SeaWorld Orlando

SeaWorld Orlando is a theme park and marine zoo located in the city of Orlando, in the state of Florida. SeaWorld Parks & Entertainment is the company that owns and operates the park. Together with its neighbors Discovery Cove and Aquatica, it forms SeaWorld Parks and Resorts Orlando, a multi-park entertainment complex that includes the three theme parks and a number of hotel accommodations. In 2018, SeaWorld Orlando had an estimated 4.594 million visitors, placing it in the top ten of the most frequented amusement parks in the United States of America.
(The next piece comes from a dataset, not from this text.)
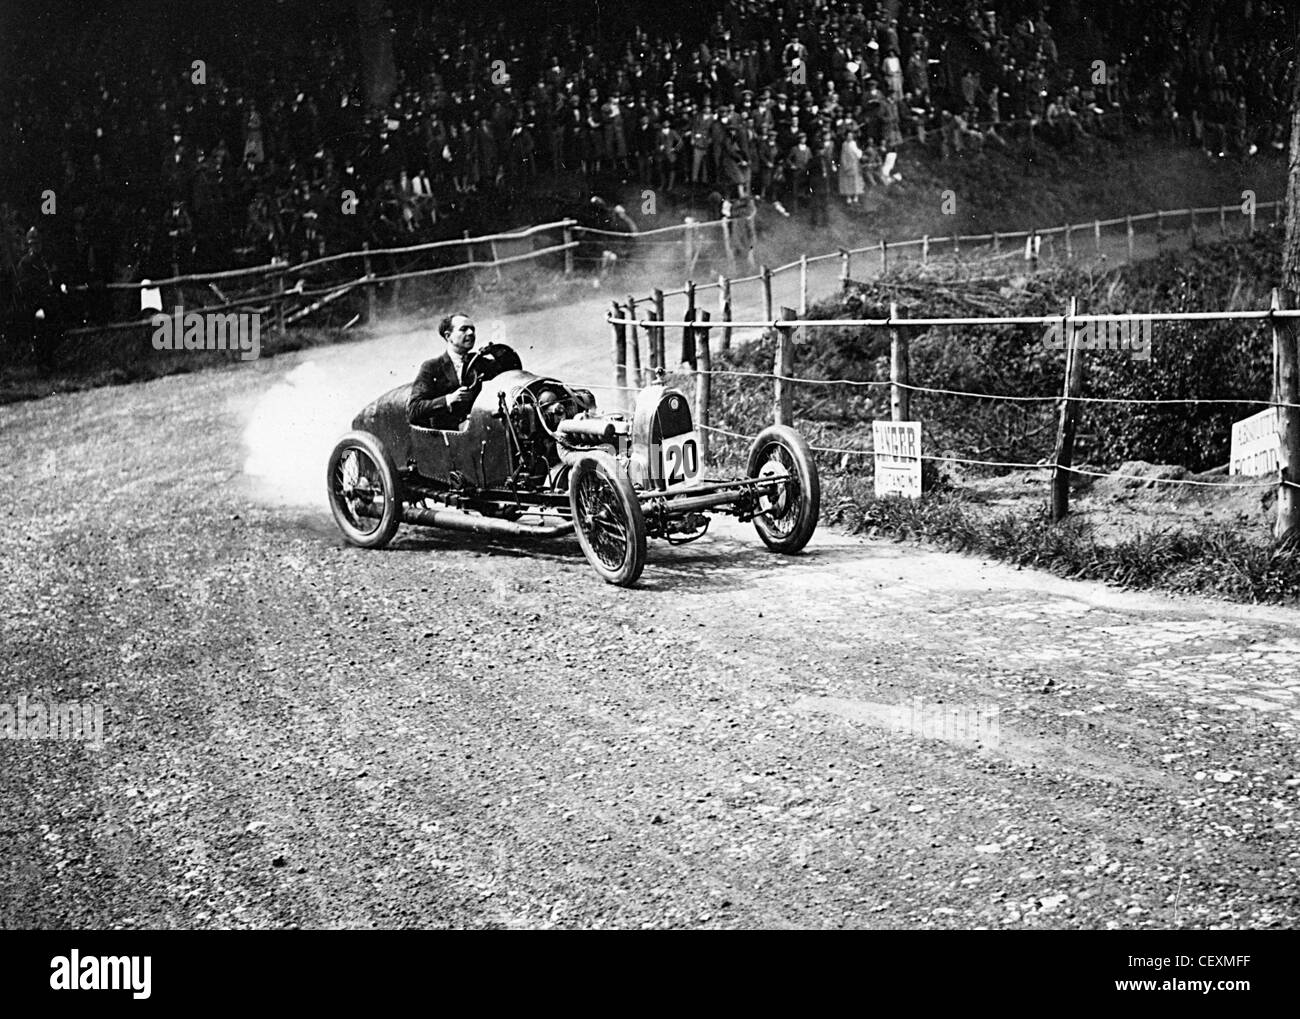 Raymond Mays in c.a. Motore sovralimentato a velocità durante Shelsley Walsh 1925 evento Foto Stock

SeaWorld Orlando opened its doors on December 15, 1973, just two years after the Magic Kingdom at Walt Disney World Resort. It was the third park in the SeaWorld group to open. As a result, Central Florida became a popular vacation destination with multiple theme parks. After being purchased by Harcourt Brace Jovanovich in 1976, SeaWorld was sold to Anheuser-Busch, the company that owns Busch Gardens, in 1989.

Having more expertise with theme parks, Busch approached the development of SeaWorld in a competitive and aggressive manner, transitioning the park from a show-based to a ride-based environment. Mission: Bermuda Triangle, a simulator ride that opened in 1987, was the park’s first entry into the wave of simulator rides that began with Disneyland (later rethemed into Wild Arctic).

Journey to Atlantis, the nation’s first hybrid roller coaster and flume ride, opened its doors in 1997 at Six Flags Magic Mountain. The Kraken, a floorless roller coaster built by Bolliger & Mabillard, was added to the park in the year 2000. Upon its introduction to the park in 2009, the flying coaster Manta received a Theme Park Insider Award for best new attraction.

SeaWorld Orlando consists of two sister parks that are connected by a bridge. In the year 2000, Discovery Cove debuted. The following year, the water park Aquatica debuted. Because of the purchase of Anheuser-Busch by Belgian brewer InBev in 2008, Busch’s theme parks were sold to a private equity firm the following year.

When one of the orca whales, Tilikum, was performing a brief act during “Dine with Shamu” on February 24, 2010, he pulled trainer Dawn Brancheau into the sea, where she drowned. An autopsy found that Brancheau’s death was caused by blunt force trauma and drowning; among her injuries were the removal of her scalp and the amputation of her left arm below the shoulder.

Following the death of an animal trainer at SeaWorld of Florida LLC in February 2010, the Occupational Safety and Health Administration of the United States Department of Labor cited the company for three safety violations in August 2010. Initially, SeaWorld was compelled to maintain a barrier between its trainers and the whales during presentations, which cost them a total of $75,000 in penalties.